Душа моя тиха. В натянутых струнах
Звучит один порыв, здоровый и прекрасный,
И льётся голос мой задумчиво и страстно.
И звуки гаснут, тонут в небесах ...
Один лишь есть аккорд, взлелеянный ненастьем,
Его в душе я смутно берегу
И с грустью думаю: «Ужель я не могу
Делиться с Вами Вашим счастьем?»
Вы не измучены душевною грозой,
Вам не узнать, что в мире есть несчастный,
Который жизнь отдаст за мимолётный вздох,
Которому наскучил этот бог,
И Вы — один лишь бог в мечтаньи ночи страстной,
Всесильный, сладостный, безмерный и живой ...
( Александр Блок. 19 октября 1898. )
А меж тем, музыкальная композиция «Fuego» (что темой - выше) в исполнении зажигательного струнного квартета « Bond » - своего рода - кавер / cover version.
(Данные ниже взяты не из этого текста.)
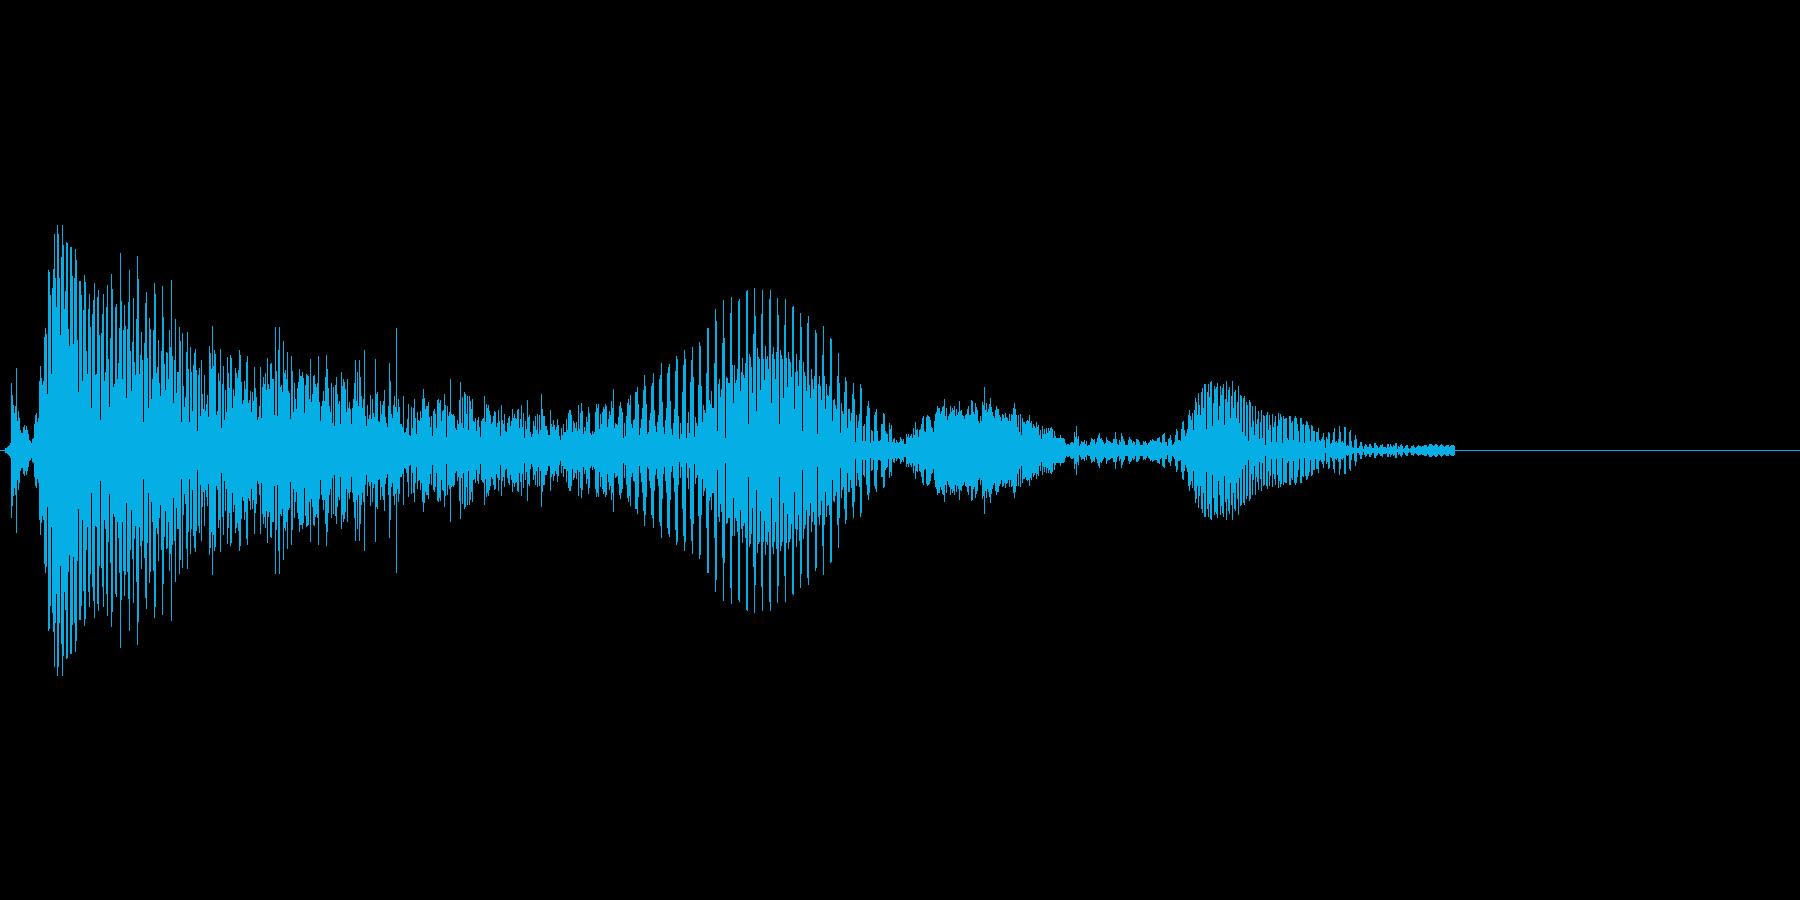 「うふふ♪」の再生済みの波形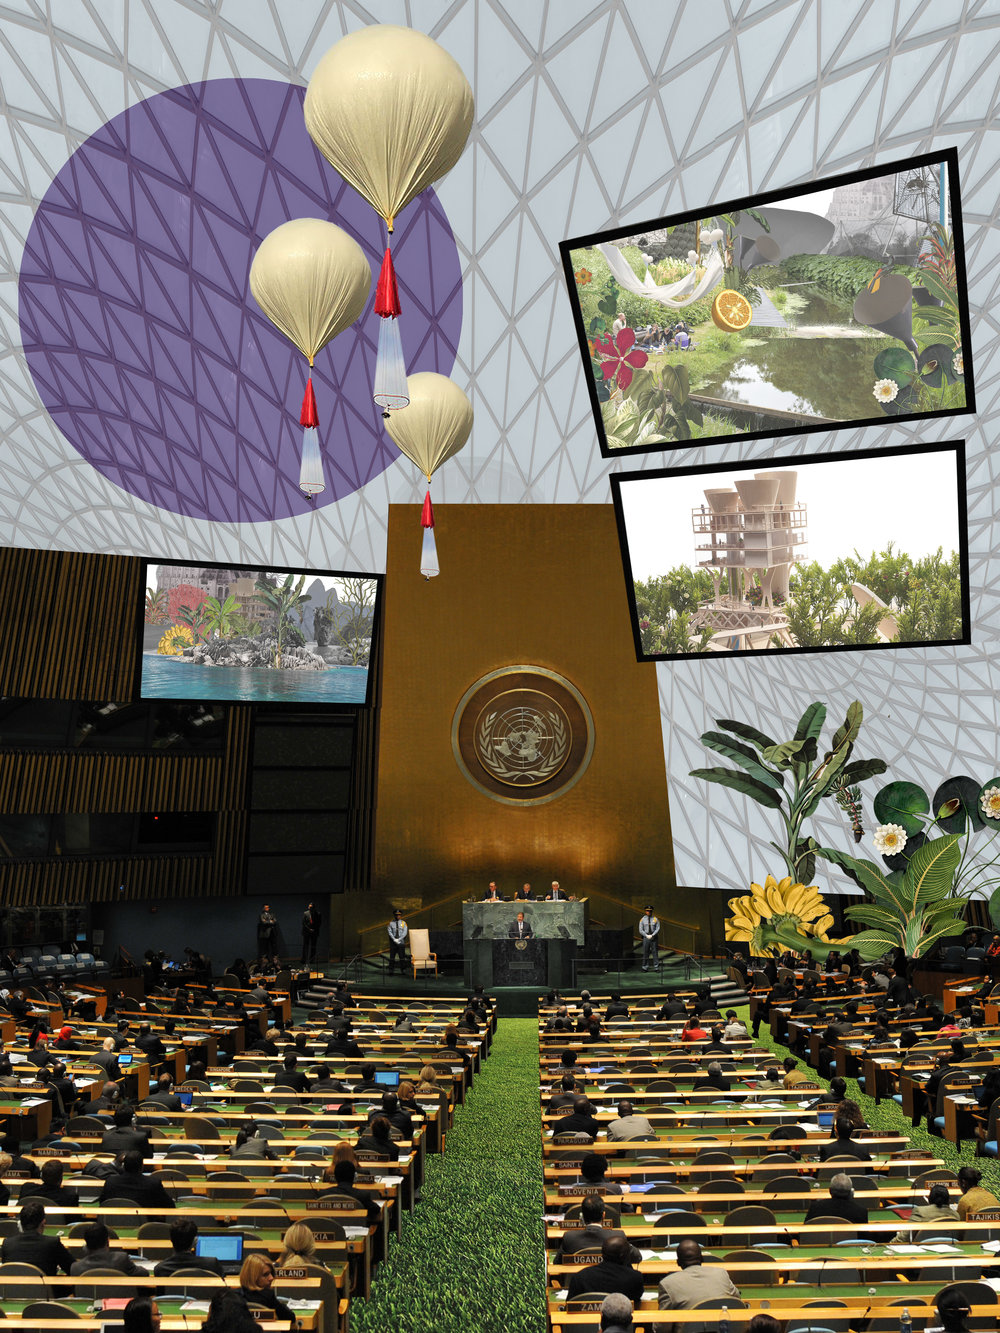 La isla no participará en la política global. Sin embargo, en su único acto diplomático, Félix González-Torres representará simbólicamente a la isla ante Naciones Unidas, para destacar la empatía, lo efímero, la interdependencia.

Ну или как пишут : музыкальная композиция базируется на песне
« Strings Of My Heart », которую на м/н песенном конкурсе Eurovision
представляла поп . певица Vanna - из Хорватии - в 2001 году.
« Ivana Ranilović-Vrdoljak (born September 1, 1970 in Koprivnica, Croatia, Yugoslavia)
is a pop singer from Croatia. She is also known with her artist name Vanna.
Vanna represented Croatia in the Eurovision Song Contest 2001 in Copenhagen on May 12, 2001 and finished 10th. She sang the song in Croatian and in English,
now entitled Strings of My Heart.
After Eurovision, Vanna released a live album called Vanna u Lisinkom and won Zadarfest again with Više nisi moj. She won prizes in several other festivals and she is now
about to release a new album. »
« Ванна (полное имя Ивана Ранилович-Врдоляк/ Ivana Ranilović-Vrdoljak ) – популярная певица Хорватии. Ванна родилась 1 сентября 1970 году в Копривнице. Несмотря на то, что выиграла в различных национальных детских и молодежных фестивалях. Ее официальный дебют произошел на конкурсе, который проводился в хорватском столице Загребе в 1989 году.
В 1992 году началась ее профессиональная карьера певицы. Она присоединилась к группе с названием «Electro Team». Будучи певицей и соавтором в написании всех песен, исполненных «Electro Team» она получила множество музыкальных призов. Их альбомы стали платиновыми, а билеты на их концерты всегда распродавались еще до дня выступления. Песня «Tek Je 12 Sati» стала настоящим хитом, даже популярным повсюду в бывшей Югославии.
В 1997 году Ванна покинула группу «Electro Team», чтобы начать сольную карьеру и сделать запись ее первого альбома «I To Sam Ja». С тех пор Ванна выпустила еще три сольных альбомов и получила несколько призов. Она победила в соревновании в Задаре три года подряд, в 1999, 2000 и 2001 годах, а ее альбом «24 Sata» стал золотым.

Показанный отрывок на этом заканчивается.